Thomas Nagle The Strategy and Tactics of Pricing (5th Edition) Best business book ever written.  Get a used earlier version if you can’t afford the $50 kindle version.  You’ll use it.  Nagle built a consulting empire on the utility and quality of this book.  If you negotiate prices, you’ll love this book.  If you have a sense that your marking advisors don’t know what they are talking about, you will USE this book.
Everett M. Rogers Diffusion of Innovations, 5th Edition Another geek book.  How people adopt innovations.  This is where the “innovators, early adopters …” framework came from.  I haven’t been able to make my way all the way through it yet (it is a TOME).  But it is a cornerstone of my thinking nonetheless.
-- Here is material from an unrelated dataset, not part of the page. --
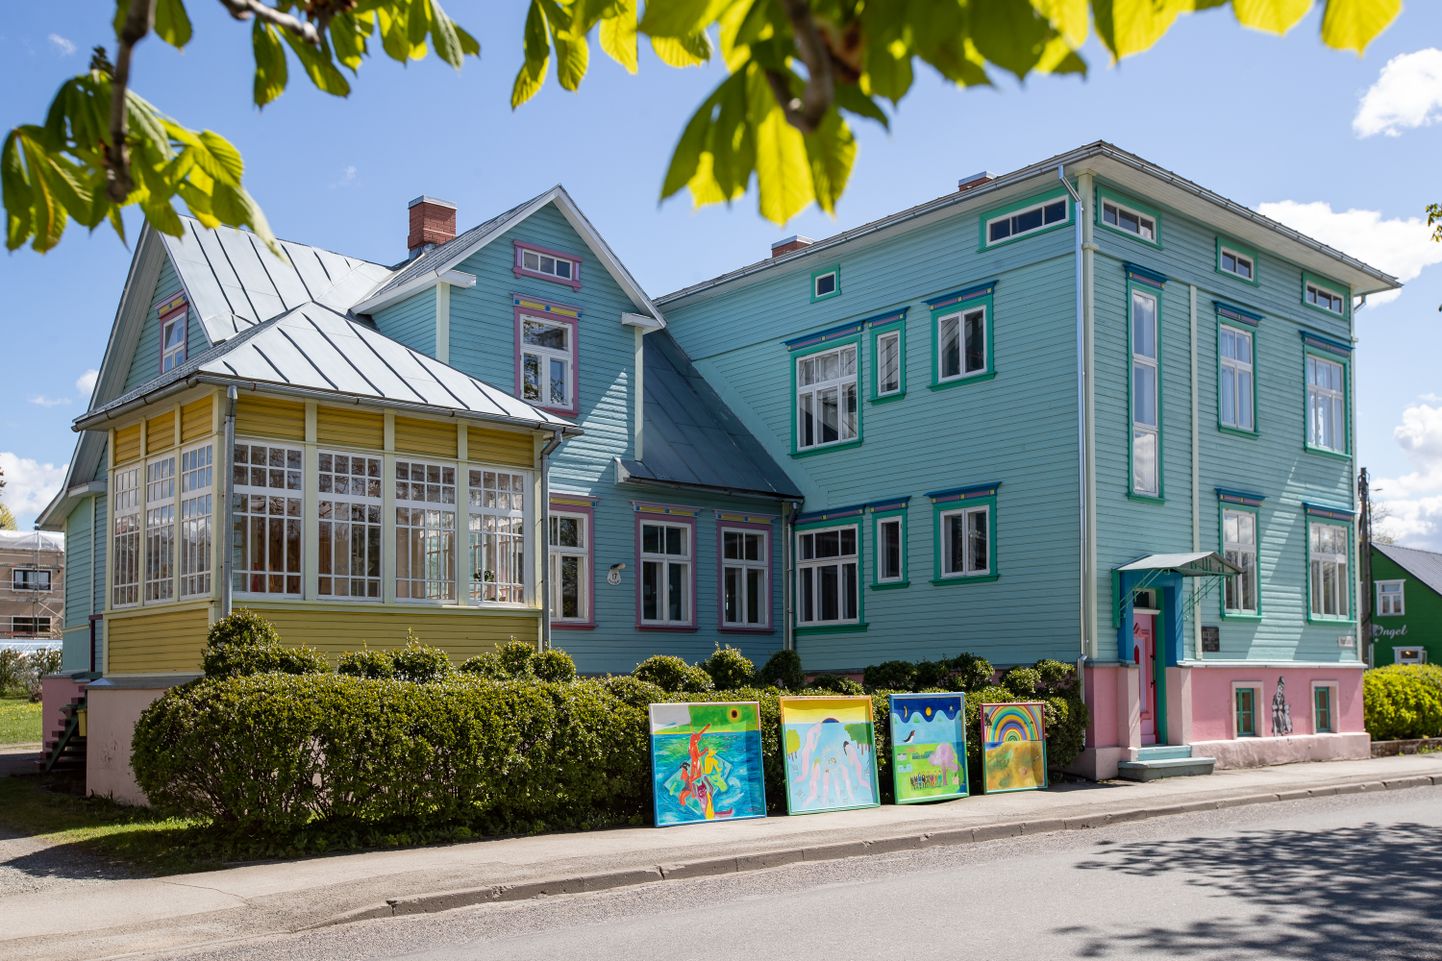 Расписанный веселыми красками дом Рихо и Тамары Хютт весной превращается в выставочный зал под открытым небом, что радует горожан и привлекает туристов.

Richard S. Tedlow New and Improved: The Story of Mass Marketing in America The story of where “marketing” as we Americans know it, came from.  Sons of Christian ministers forming all the successful advertising agencies in the 1870s.  Richard Sears being a telegraph operator in a railroad station, writing to Elgin National Watch company to figure out what to do with a shipment of pocket watches (the Macbook Airs of his day) that arrived for a company no-longer-in-business being the foundation of Sears Roebuck (Roebuck was a watch repairman) and many other foundational stories in this book.
James M. Utterback Mastering the Dynamics of Innovation Superlative book with lots of technology history, hard historical data, and an analytical framework (dominant designs) that managers seem to “get” easily.  This and Moore’s CROSSING THE CHASM tie for having the most worn bindings of all my (5000)books.